En los hospitales se produce una curiosa danza entre esos dos titanes. El tiempo médico viene pulcramente atendido por Cronos: regularidad en la toma de pastillas, las cirugías programadas, despiadada entrada de la heparina por vía subcutánea, los sueros y sus temporizadores, las curas de primera hora de la mañana, las escuetas visitas médicas para convencerte de que, te pase lo que te pase, “todo es normal”. Y razón no les falta: incluso morirse es normal. Lo más normal, se podría añadir. La ciencia no deja ningún cabo suelto. Encuentra explicaciones para todo, en el bien entendido de que el conocimiento habría de aquietar nuestros espíritus.

Y entretanto, el hospitalizado, el enfermo, anda con todo su Kairos a cuestas, ajeno a Cronos, porque está en una burbuja blindada para el tiempo externo. No hay más tiempo para él que el amniótico, el de los días que se parecen a las noches, el de asumir que eres un paria de los horarios y de aquellos pulsos vitales que, al asomarte a la ventana, ves en el exterior, donde todo parece tan sometido a las rutinas que te dan ganas de saltar para incrustarte de nuevo en el tedio. El agobio. Aquello que la enfermedad te arrebata.

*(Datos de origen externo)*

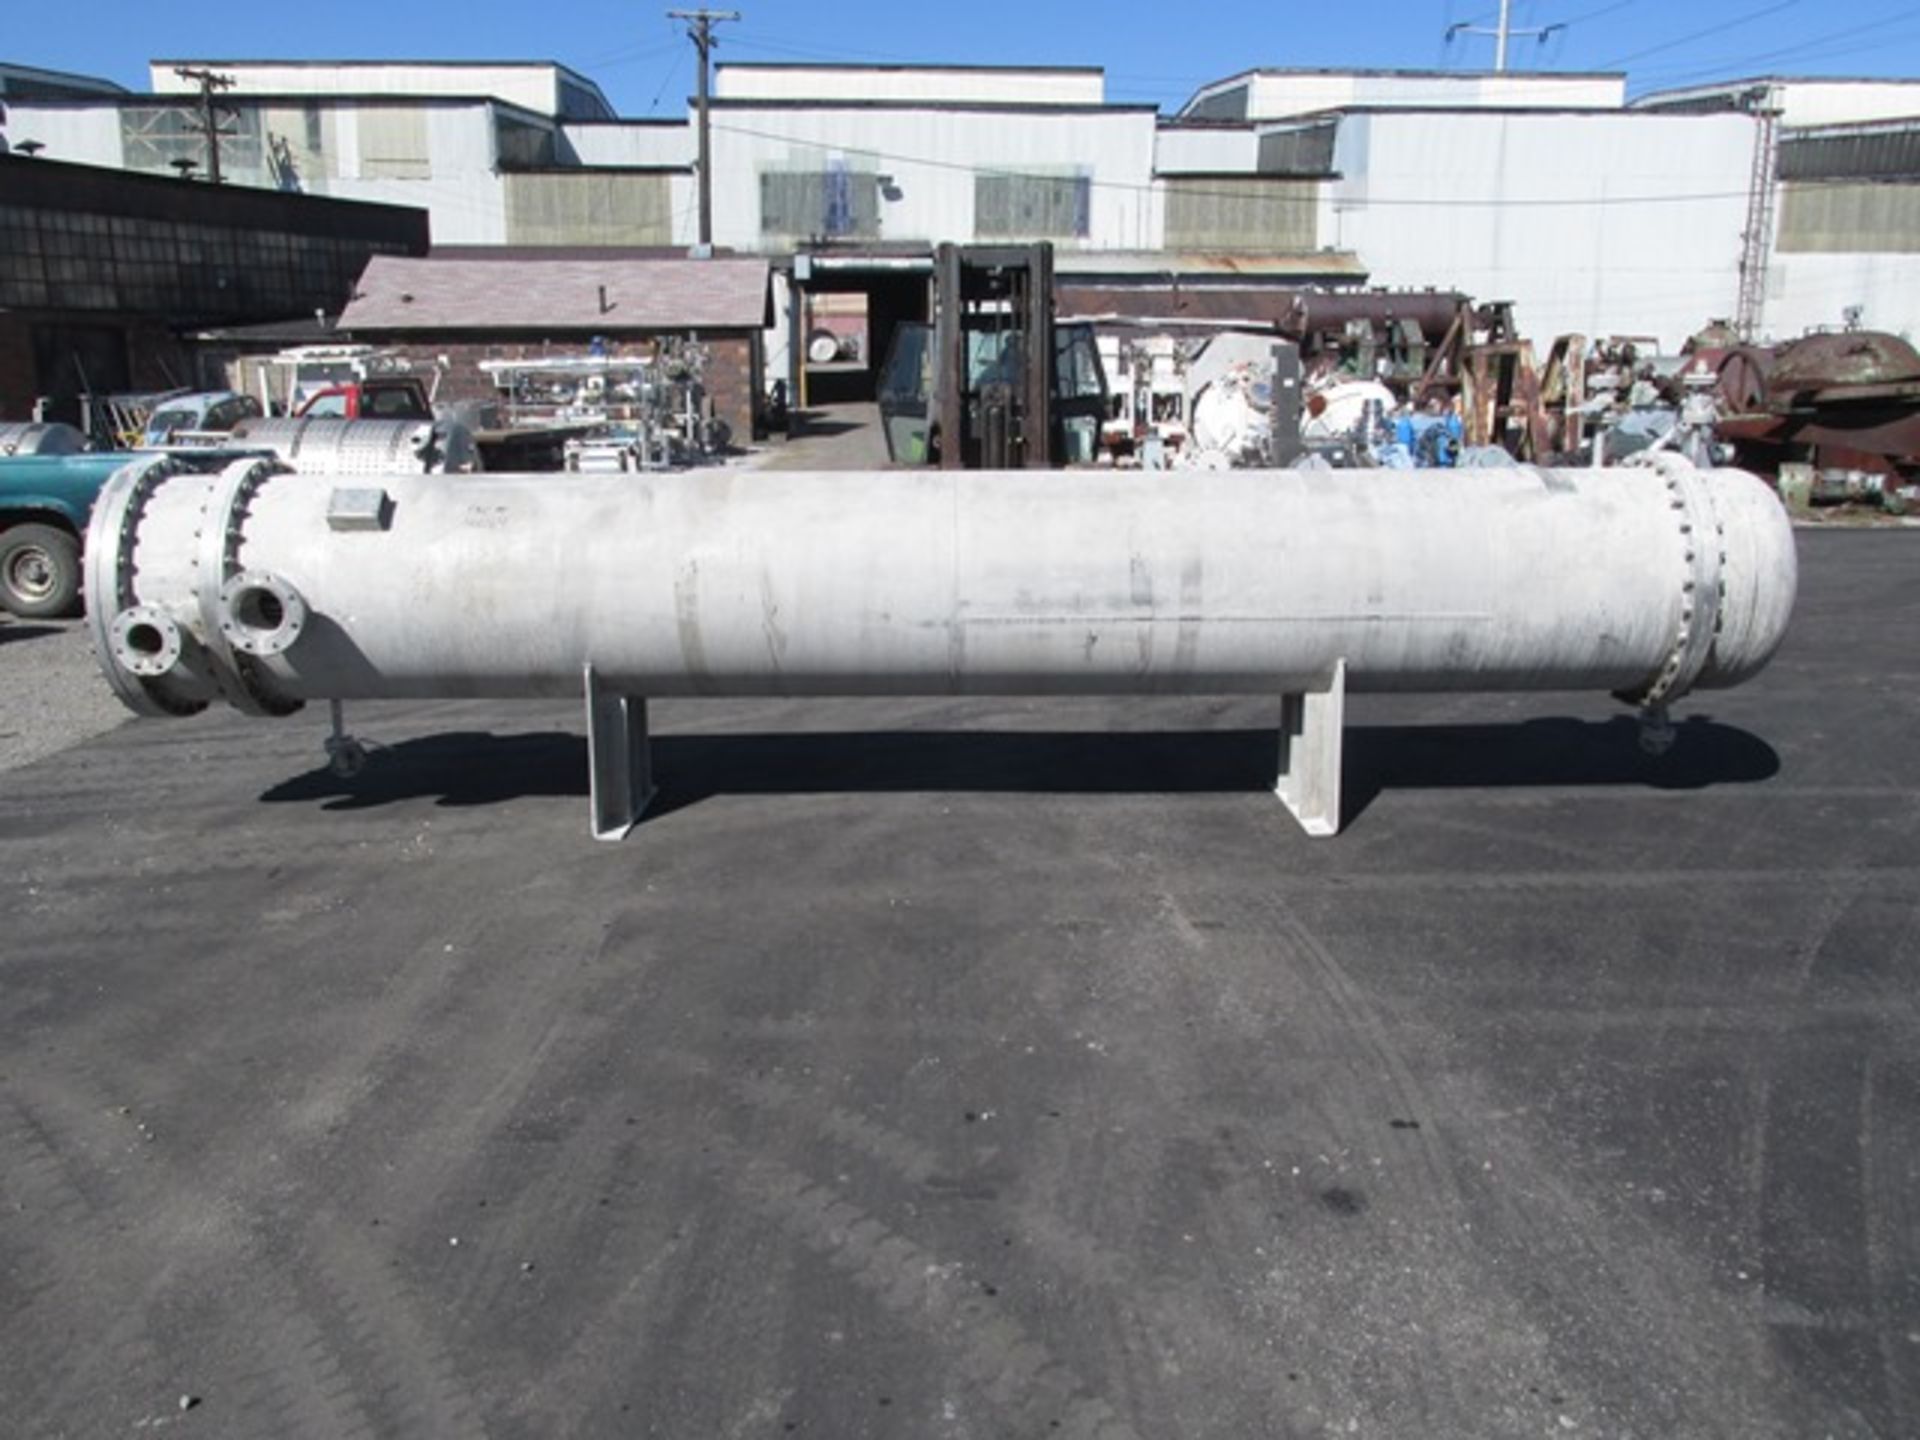 1908 sq. ft. Doyle & Roth shell and tube heat exchanger, 304 stainless steel.

Para que la vivencia hospitalaria no se convierta en otro tedio como el que solemos vivir fuera de los recintos clínicos, la sociedad prevé ciertas formas de entretenimiento, cuyo objetivo último es que te olvides del tiempo, que es tanto como pedirte que te olvides de tu vida. Y la sanidad pública ha dispuesto en las habitaciones compartidas a dos y a veces tres bandas, un televisor que funciona con monedas: a tantos euros los tantos minutos. ¿A cuánto va el kilo de tiempo? Por ese canal pretenden desaguar todo aquello que la negación del tiempo no facilita.

Y luego las visitas, siempre breves, porque todos están metidos en la órbita del tiempo mesurado y mesurable, también contribuyen con su granito de arena a paliar el supuesto tedio hospitalario: lecturas de revistas del corazón y de otras vísceras menos nobles, montañas de crucigramas, una cajita de bombones (porque también hay que alegrar el estómago de vez en cuando y hacerle olvidar el rancho hospitalario)…Pero el preso, ese preso con su humillante uniforme idéntico a la que llevan otros compañeros reclusos (reclusos en la institución, reclusos en su propio cuerpo) solo mira por la ventana, añorando el ruido, el gesto malhumorado de un conductor de autobús, ese trato agrio que muchas veces te dispensan los semejantes y en los que reparas solo cuando sabes que el tiempo, Cronos y Kairos mirándose a los ojos, está a tu favor.

El día 2 de septiembre falleció Ariana Benedé. Tenía 18 años. Padecía leucemia desde los 13. Su inconformismo y esa fuerza excepcional ligada a una juventud madurada a palos la llevó a tomar una iniciativa para que un tratamiento vigente en Estados Unidos se pudiera exportar a España. Como el problema era económico, puso en marcha una campaña para conseguir los fondos necesarios. Su vida quedó truncada antes de conseguir el objetivo. Pero su semilla queda y es inmortal. La vida, cuando empuja, se transforma en esperanza galvanizada. Es entonces cuando Cronos y Kairos, esos enemigos que nos golpean -uno desde fuera, otro desde dentro- firman la paz.